IL GIALLO DEL GOL ANNULLATO - Il primo pensiero va all'episodio controverso del primo tempo. Palladino, solitamente pacato, questa volta non ci sta: «Non parlo mai degli arbitri, sbagliano loro come sbagliamo noi. Ma non capisco perché sia stato annullato il gol a Scamacca.
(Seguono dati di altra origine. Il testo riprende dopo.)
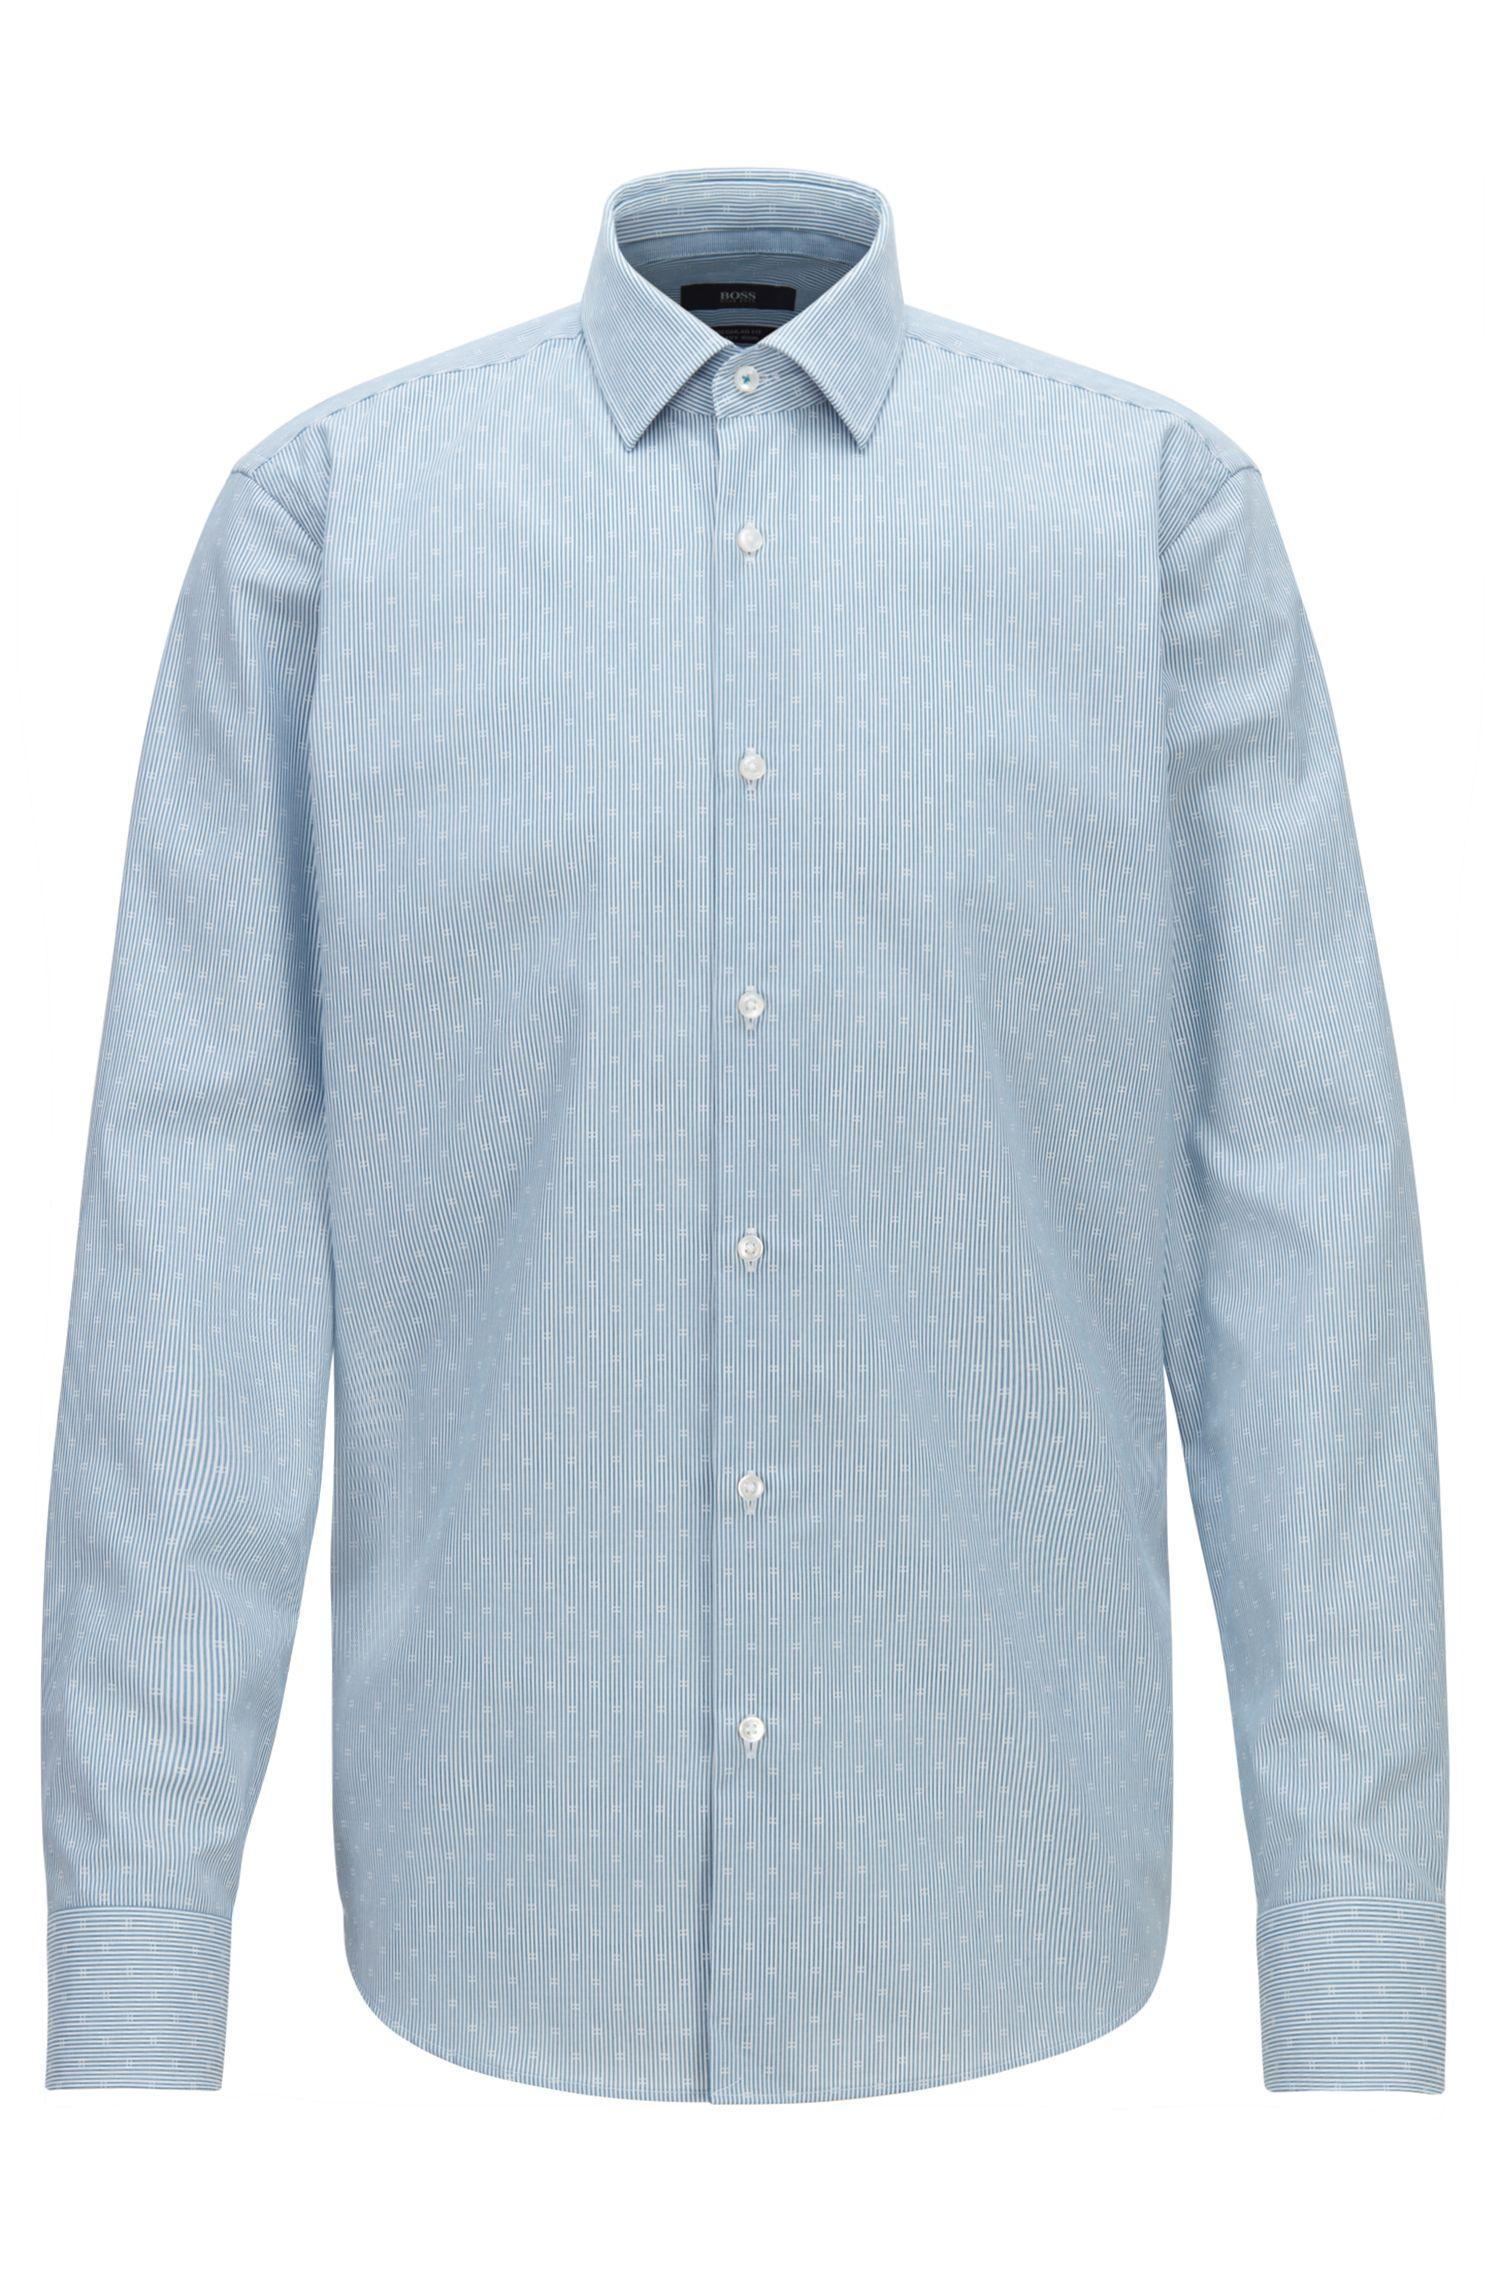 Camicia regular fit in popeline di cotone dobby facile da stirare, Turchese

Il giocatore della Roma prova a fare un controllo, lo sbaglia e ci regala palla: per me il gol era regolarissimo». La critica si sposta poi sulla chiarezza del regolamento: «L'arbitro mi ha detto che la regola è questa, però a noi a inizio campionato spiegano cose diverse. Al di là di questo, resta una serata fantastica, godiamoci la vittoria».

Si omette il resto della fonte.